• _EXERCISE BRIEF_:
After locating the line with "Φόρεμα M Missoni, Μέγεθος" in the data that follows, return it and every later line exactly, up to and including the line with "Valmistusmateriaalit: sisäkumi musta, sileä".

***** RECORDED INFORMATION

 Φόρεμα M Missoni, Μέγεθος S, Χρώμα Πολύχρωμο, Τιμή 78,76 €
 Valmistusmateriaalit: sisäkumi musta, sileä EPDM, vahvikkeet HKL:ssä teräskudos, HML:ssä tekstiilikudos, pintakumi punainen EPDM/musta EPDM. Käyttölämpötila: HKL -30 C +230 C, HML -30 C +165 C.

**********
***** RECORDED INFORMATION

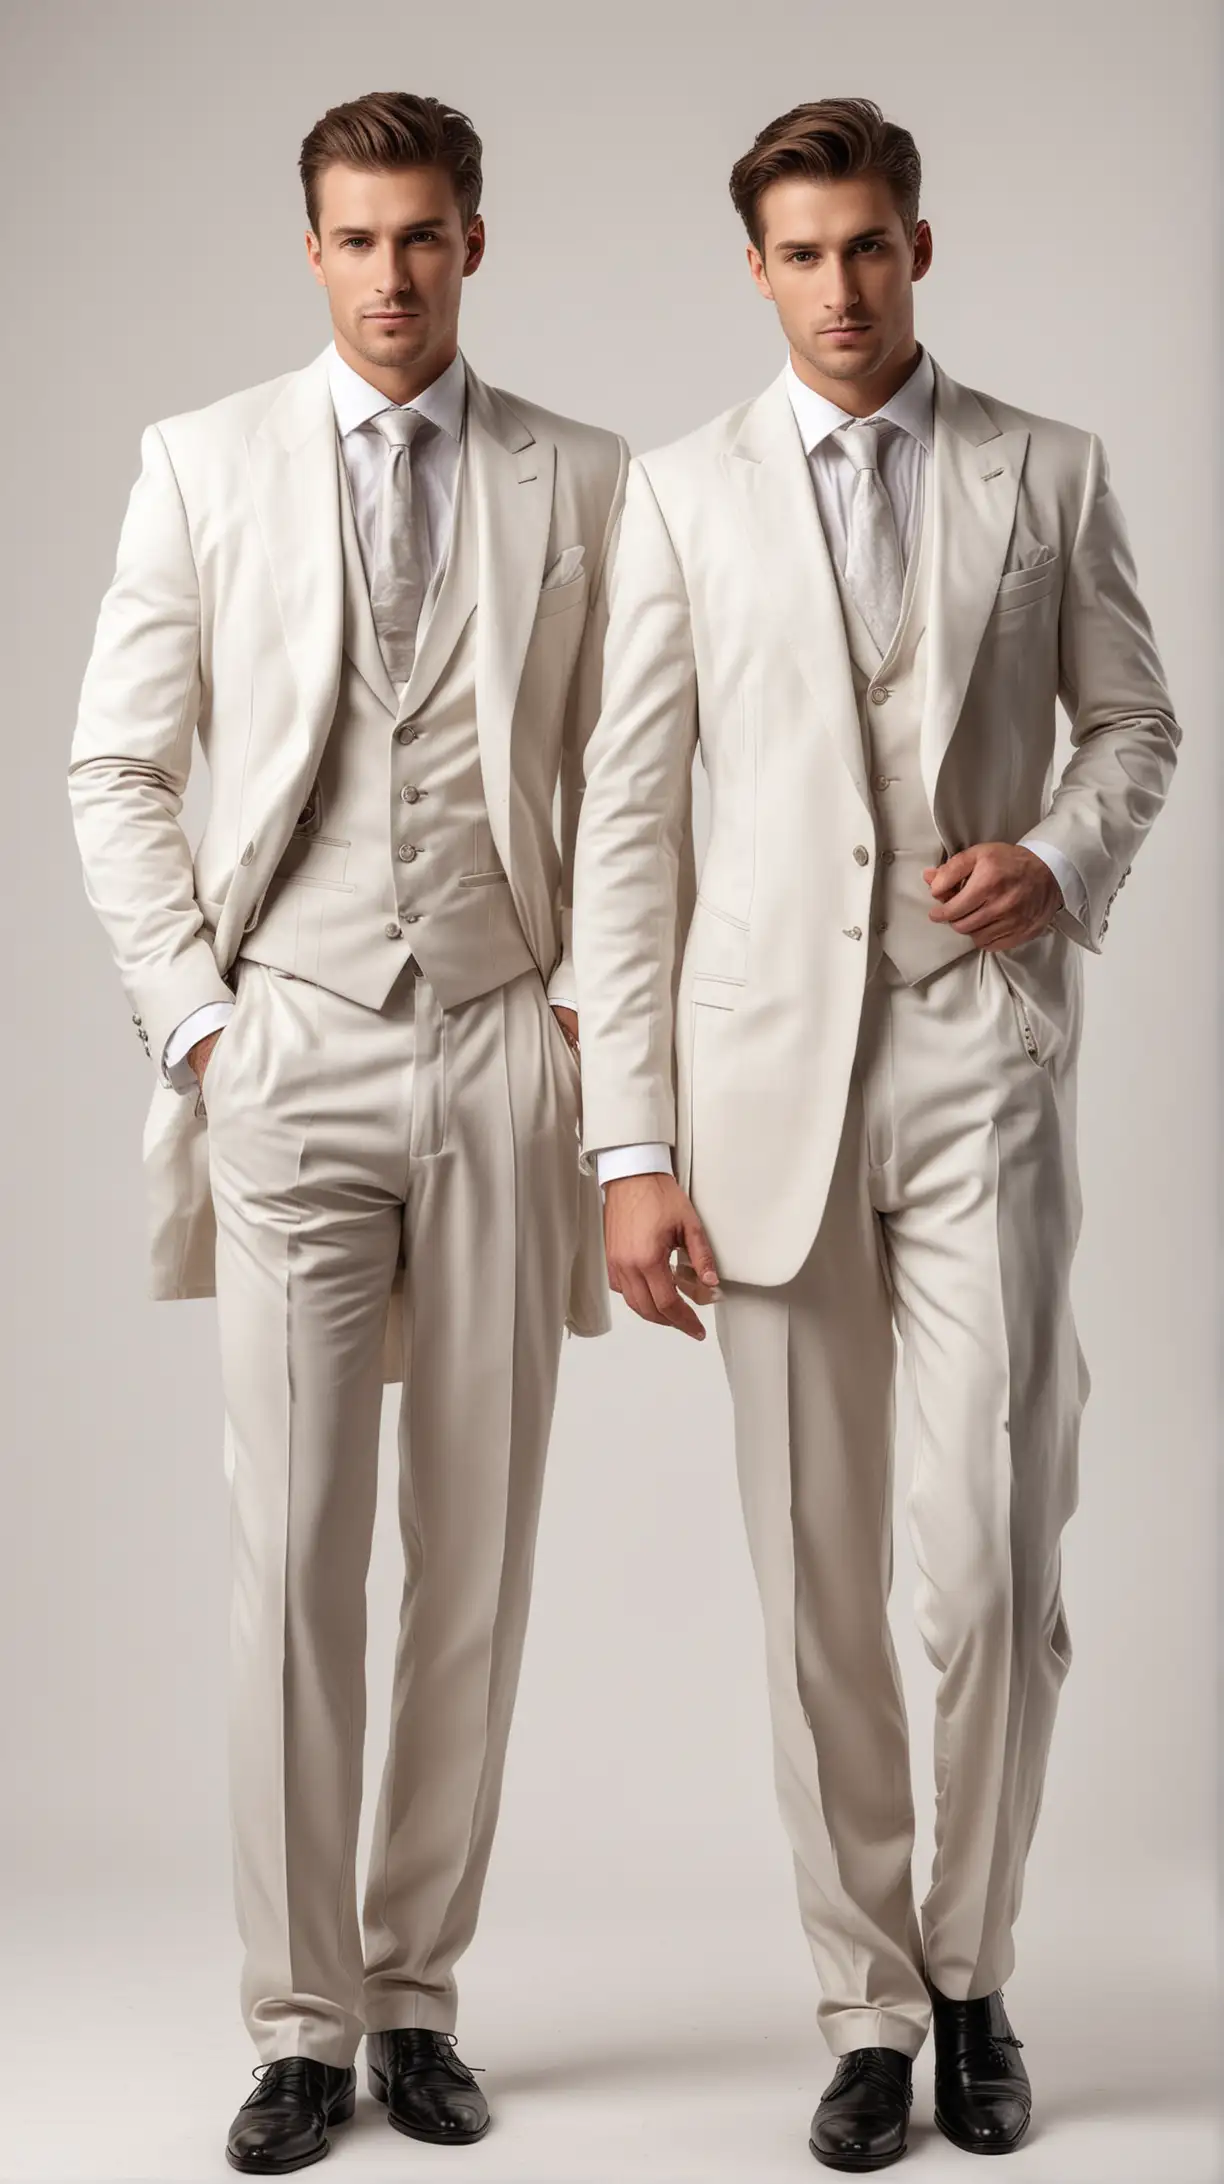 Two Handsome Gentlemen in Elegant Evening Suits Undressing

**********

• _REPLY TO THE TASK_:
 Φόρεμα M Missoni, Μέγεθος S, Χρώμα Πολύχρωμο, Τιμή 78,76 €
 Valmistusmateriaalit: sisäkumi musta, sileä EPDM, vahvikkeet HKL:ssä teräskudos, HML:ssä tekstiilikudos, pintakumi punainen EPDM/musta EPDM. Käyttölämpötila: HKL -30 C +230 C, HML -30 C +165 C.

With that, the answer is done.